On January 27, 2018 Juan Orlando Hernández was inaugurated for a second term as president of Honduras in the National Stadium in what he called an act of democracy. Despite their best efforts, the photos and videos of the act could not hide the reality that the stadium was essentially empty, and after the ceremony videos surfaced of the attendees waiting in lines for their pay-out for attending the act, a meal and a canasta familiar (basket of groceries), a tactic to take advantage of the most needy for their political image. However even the bribery was poorly executed and fraudulent and they ran out of supplies which caused anger and fights.

At the same time, hundreds of thousands of Honduras were marching in the streets of the capital Tegucigalpa and across the country against the inauguration of a man who “won” the elections through blatand fraud. These peaceful massive marches were violently repressed by the security forces of the Honduran state.

Government crackdown on freedom of speech

The hard-line conservative government of JOH has continued in its projects to promote the interests of the Honduran oligarchy and and repress the resistance of the people.

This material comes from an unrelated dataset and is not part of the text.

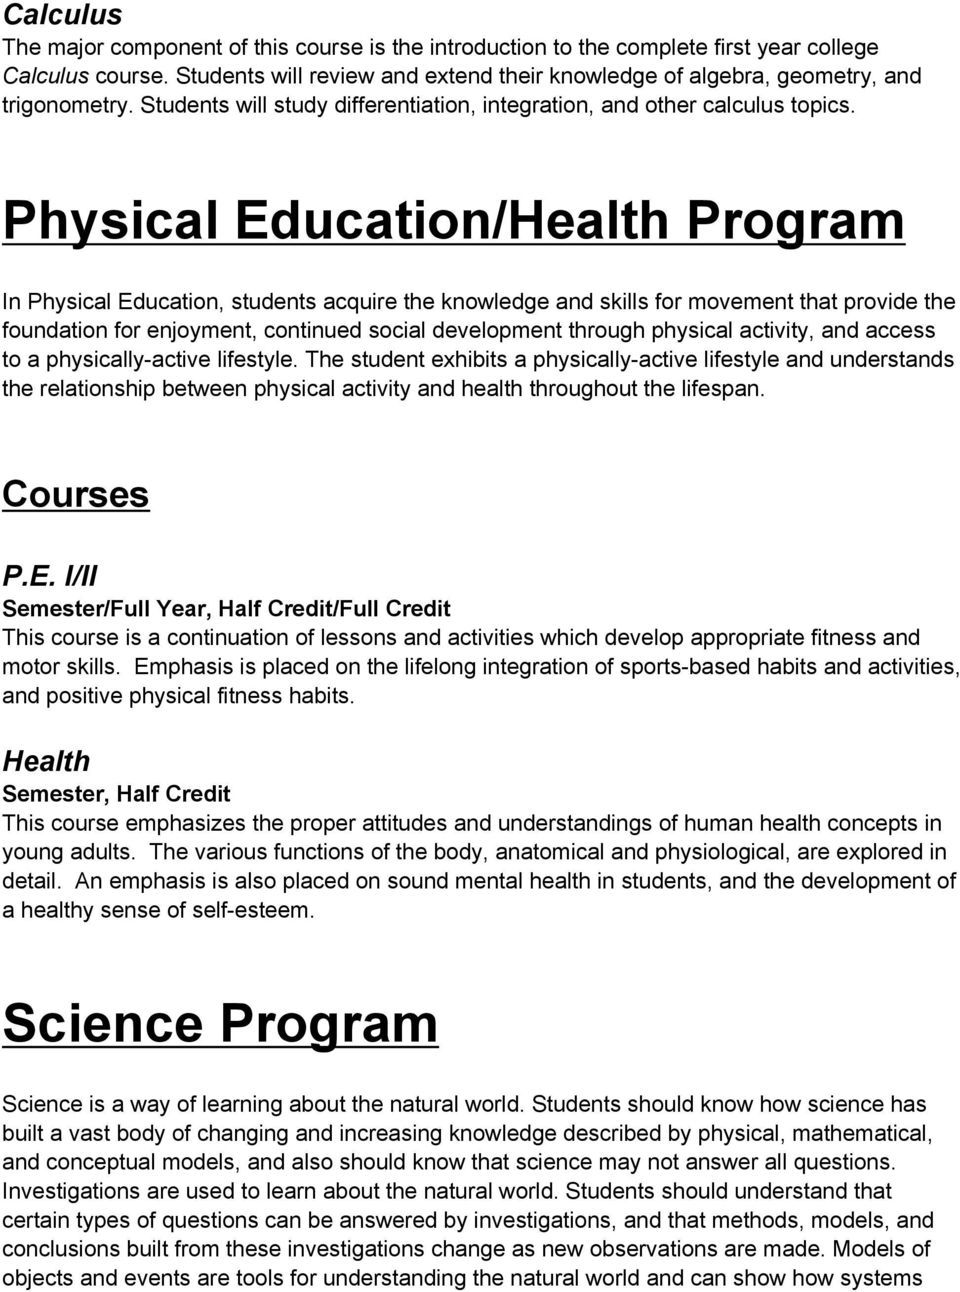 Physical Education/Health Program In Physical Education, students acquire the knowledge and skills for movement that provide the foundation for enjoyment, continued social development through

The most recent attack on Honduran people’s rights is a bill that seeks to restrict “acts of hatred and discrimination on social media and the internet,” though still vague, the bill seeks to restrict and sanction certain online speech. The bill was proposed by Marcos Bertilio Paz, a representative from the National Party (the extreme conservative party of JOH), who justified the bill by claiming “the use of technology by the majority of the population provokes an exchange of opinions on social media which has formed an environment of confrontation in a special way .”

The right wing recognizes the fundamental role social media has played in Honduras in spreading information, denouncements, videos, calls to mobilization and helping foster a climate of rebelliousness. Social media is even more important in Honduras where there is not much alternative media and those that do exist suffer systematic attacks.

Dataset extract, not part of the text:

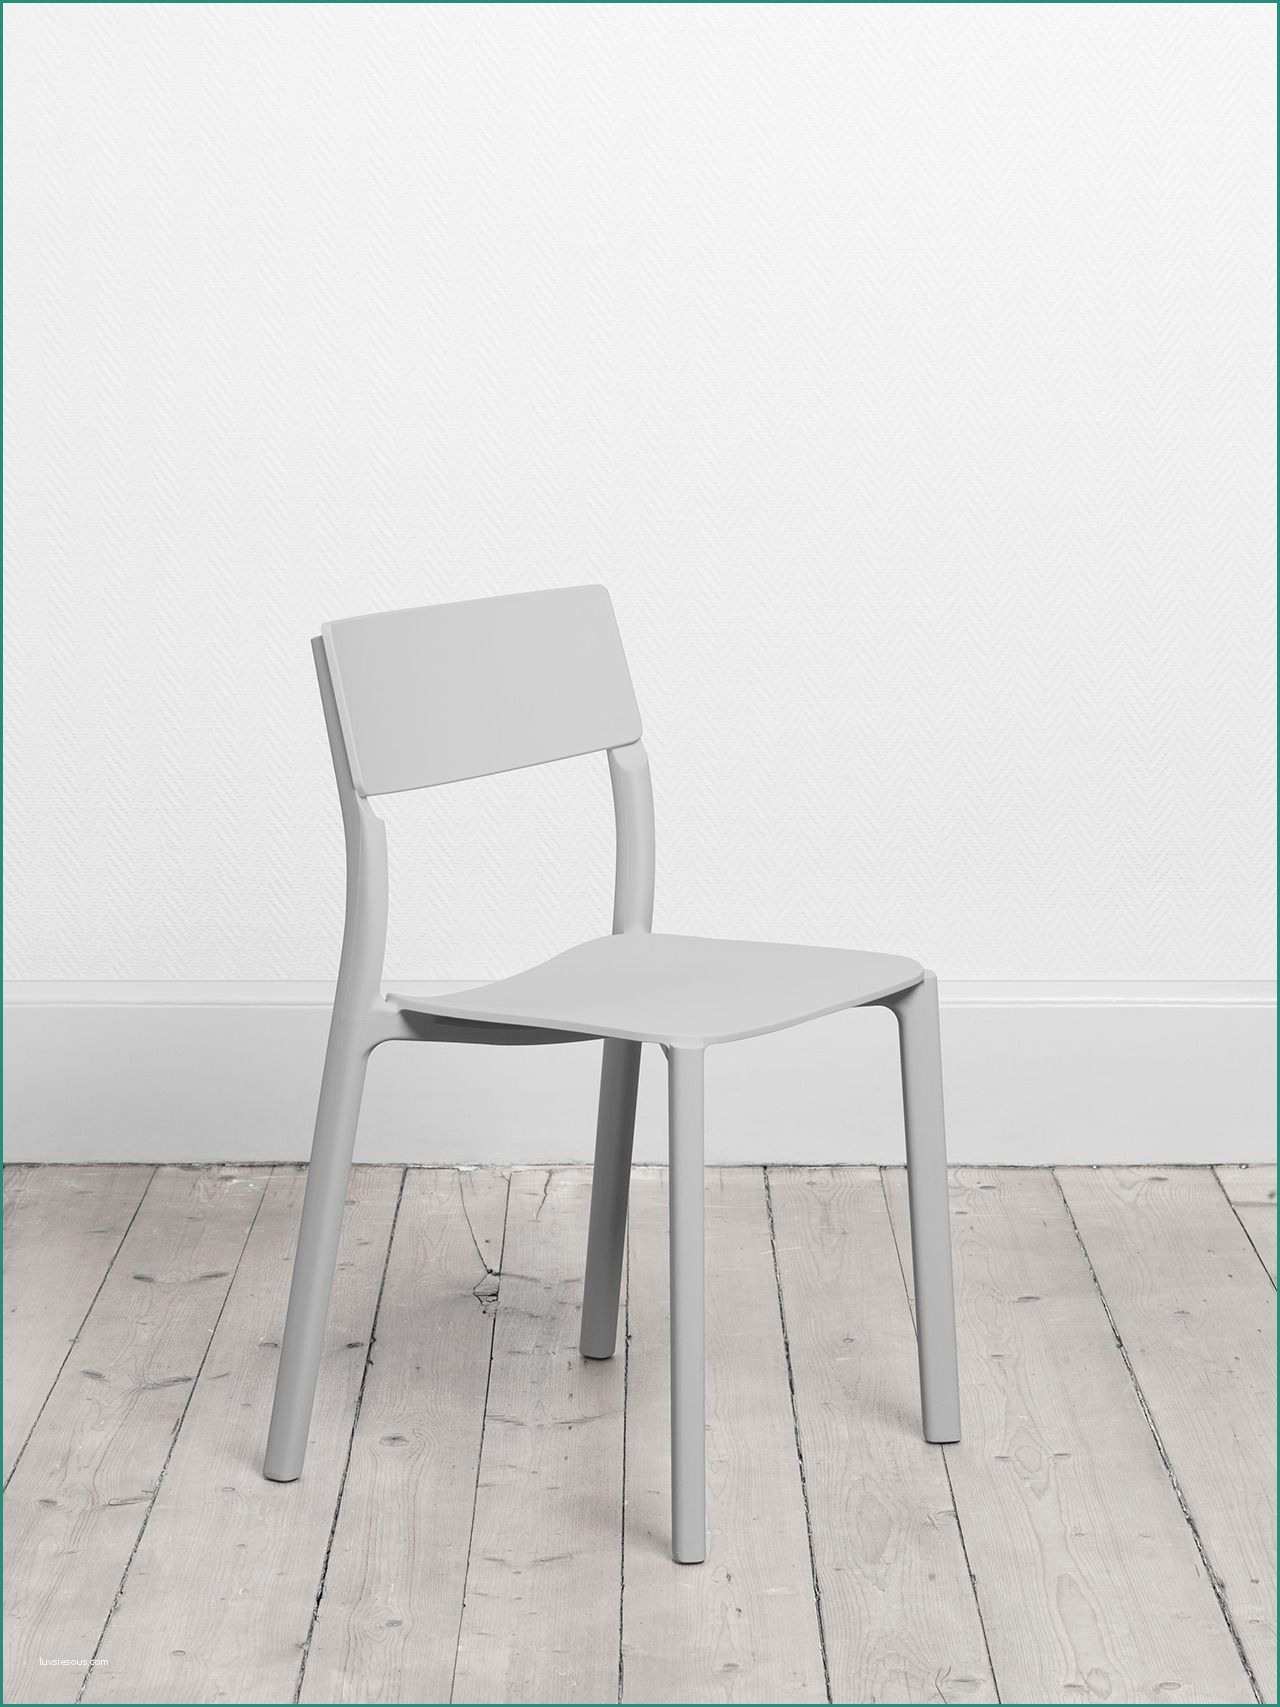 Sedia Design Bianca E form Us with Love for Ikea Janinge Chair

This bill was immediately denounced by the opposition both in Congress and on the streets by the movements as being a “cyber-gag law” which attempts to silence the thousands, millions of users of social media who challenge the hegemonic discourse that is forged between the traditional mainstream media and the government.

Unsurprisingly this blatant attack on civil liberties and freedom of expression has not received international outrage as it might have if Honduras were Cuba, Venezuela, North Korea, Syria or Iran.

Protests continue, repression does too

Meanwhile, the protests continue across the territory of Honduras as people declare Honduras in a state of “ungovernability,” continuing the blockages of major arteries, rallies and marches in the major cities. Unfortunately, despite the discourses of “national dialogue” and “peace” spreaded by the government, they continue the brutal repression of the mobilizations. Since the elections, the number of people killed by Government Forces in the midst of the protests has risen to 40 and many of the people who were detained remain in prison.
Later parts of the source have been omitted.